══ Input data ══

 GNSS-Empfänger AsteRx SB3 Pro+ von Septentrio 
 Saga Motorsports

═══
══ Input data ══

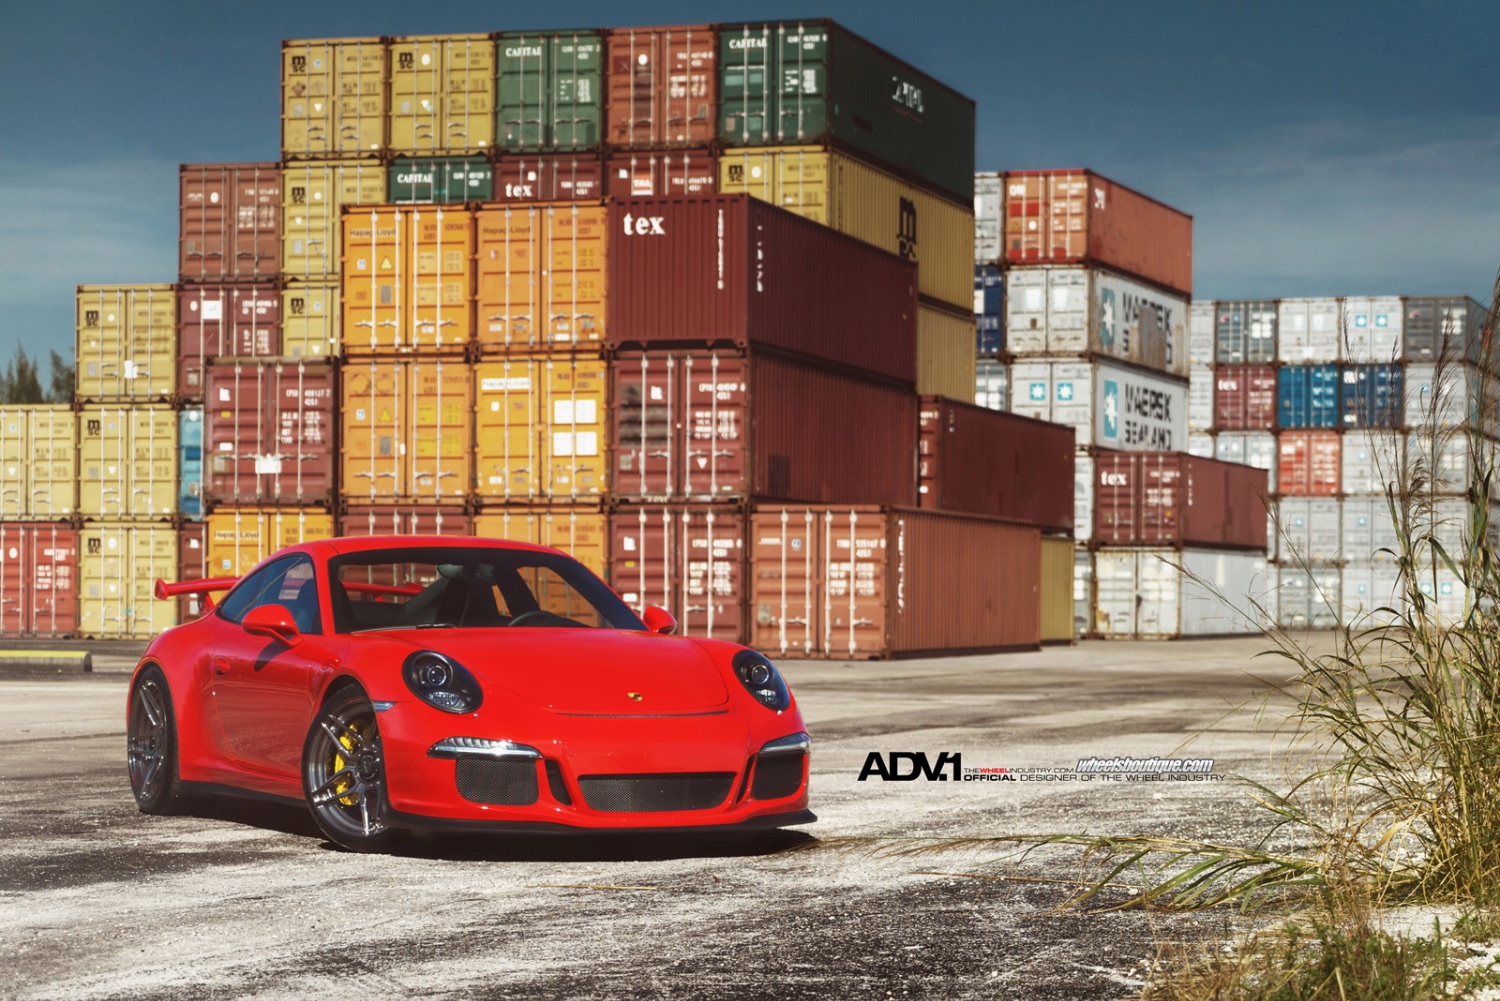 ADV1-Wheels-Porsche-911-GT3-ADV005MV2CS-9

═══
══ Input data ══

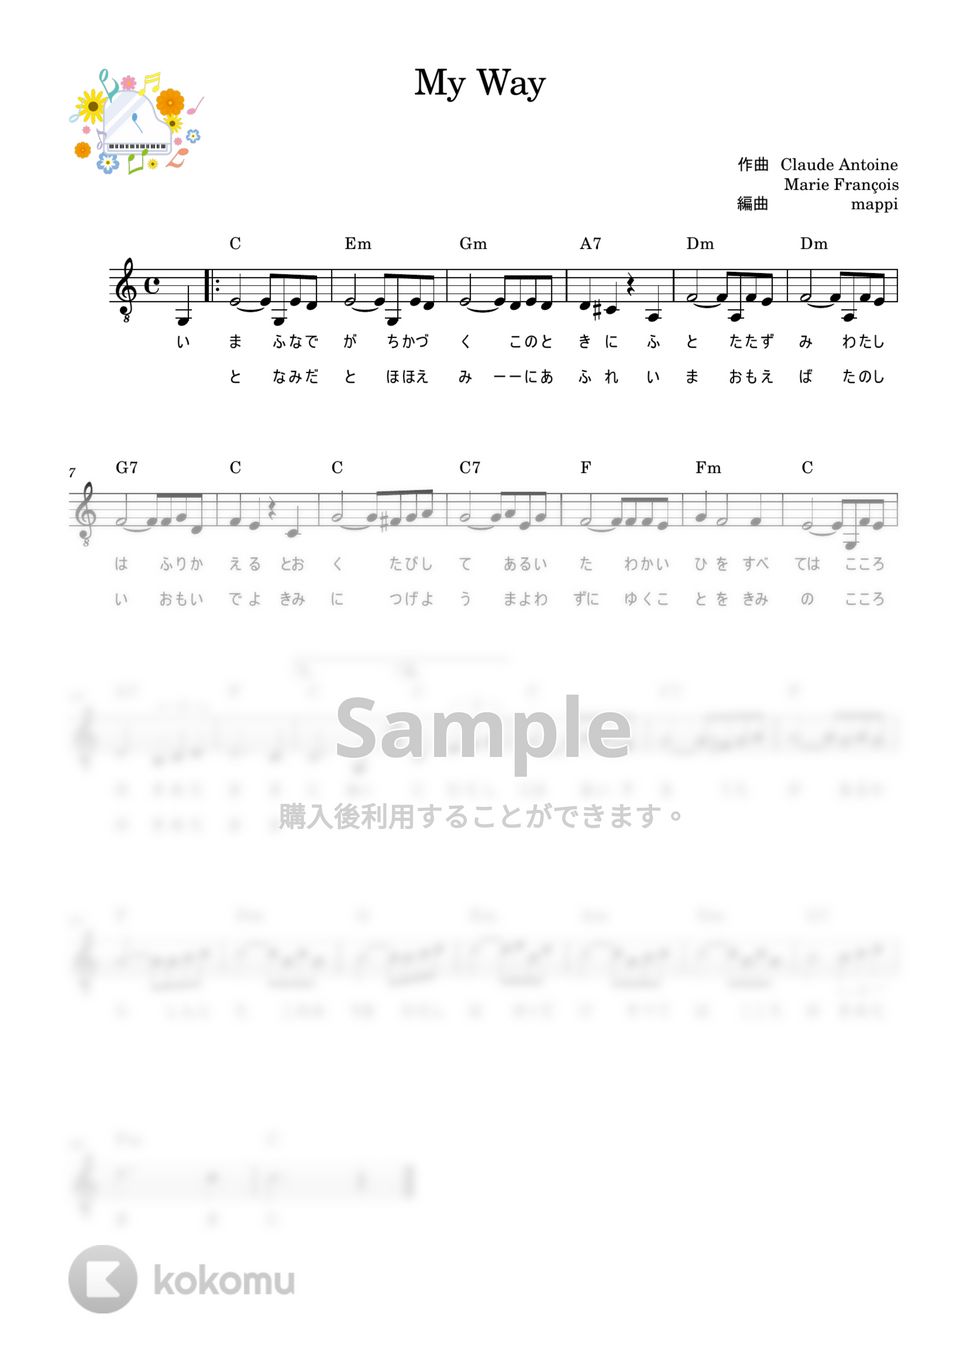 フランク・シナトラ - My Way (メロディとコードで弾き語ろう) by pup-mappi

═══

→ What you will do
Beginning at the line with "GNSS-Empfänger AsteRx SB3" and ending at the line with "Saga Motorsports", reproduce each line of the data above exactly, and add no other lines.

→ Your response
 GNSS-Empfänger AsteRx SB3 Pro+ von Septentrio 
 Saga Motorsports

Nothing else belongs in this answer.